Выбрать главу

Юрий Давыдов

НИКТО НЕ УЗНАЕТ НАШИХ ИМЕН

1.  Скандал в благородном семействе

Некое «неустановленное лицо» — есть такая интри­гующая пометка на архивных документах — записало со слов генерал-адъютанта Рылеева:

«Государь сказывал, что мать будущей Юрьевской вышла к нему на одной из станций южных дорог и стала жаловаться на свое расстроенное состояние, прибавляя, что у нее в Петербурге, в Смольном, дочь, которая останется бесприданницей. «Окажите, ваше величество, ей милость!..» Государь говорил, что он давно забыл об этом и вспомнил только при каком-то посещении Смольного института. Она ему сразу понравилась, и при дальнейшем посещении он заключил, что она его полюбила. «Но клянусь, что я не касался до нее до тех пор, пока доктора не предъявили мне, что она зачахнет от любви».

А.  М. Рылееву можно, пожалуй, верить. Труднее верить ссылке Александра II на диагноз медиков. Не станем томить читателя: «будущая Юрьевская» не зачахла.

Ее звали Екатериной. Урожденная Долгорукая, она — находка для беллетриста, склонного описывать альковные приключения. Такой бел­летрист волен черпать полные, хотя и мутные, пригоршни из книжки, посвященной любви могущественного монарха и княжны-бесприданни­цы, написанной на досуге Морисом Палеологом, тем самым Палеологом, который представлял Францию при последнем Романове.
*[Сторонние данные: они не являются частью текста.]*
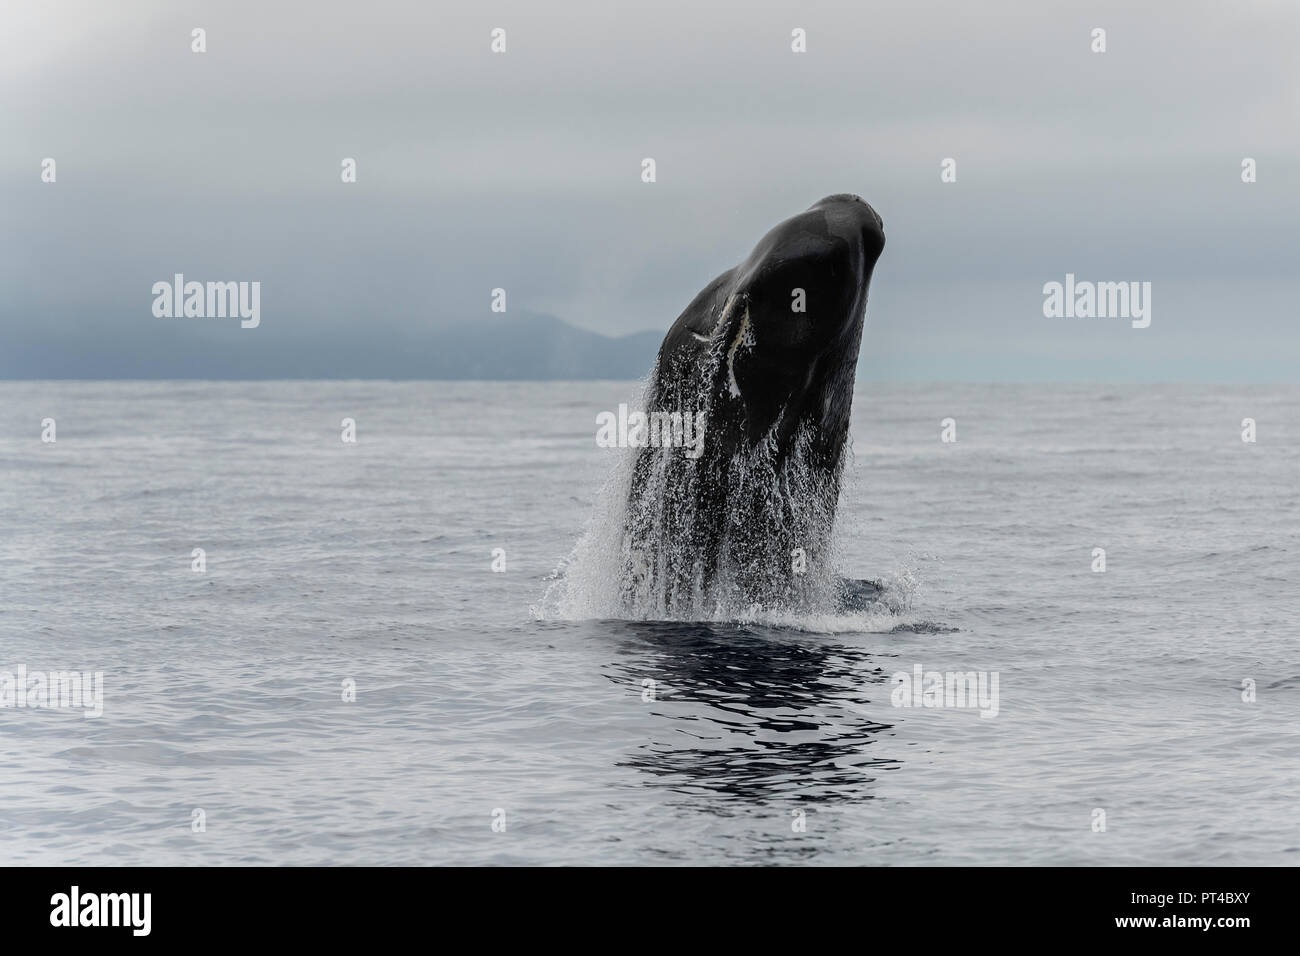 Breaching sperm whale, Pico Island, Azores. - Stock Image

Задолго до рождения Долгорукой пятикратные пушечные выстрелы Петропавловской крепости возвестили бракосочетание великого князя Александра с принцессой Марией Гессен-Дармштадтской. Певчие при­дворной церкви запели «Господи, силою твоею возвеселится царь», и Николай I повел к аналою «высокобрачующихся».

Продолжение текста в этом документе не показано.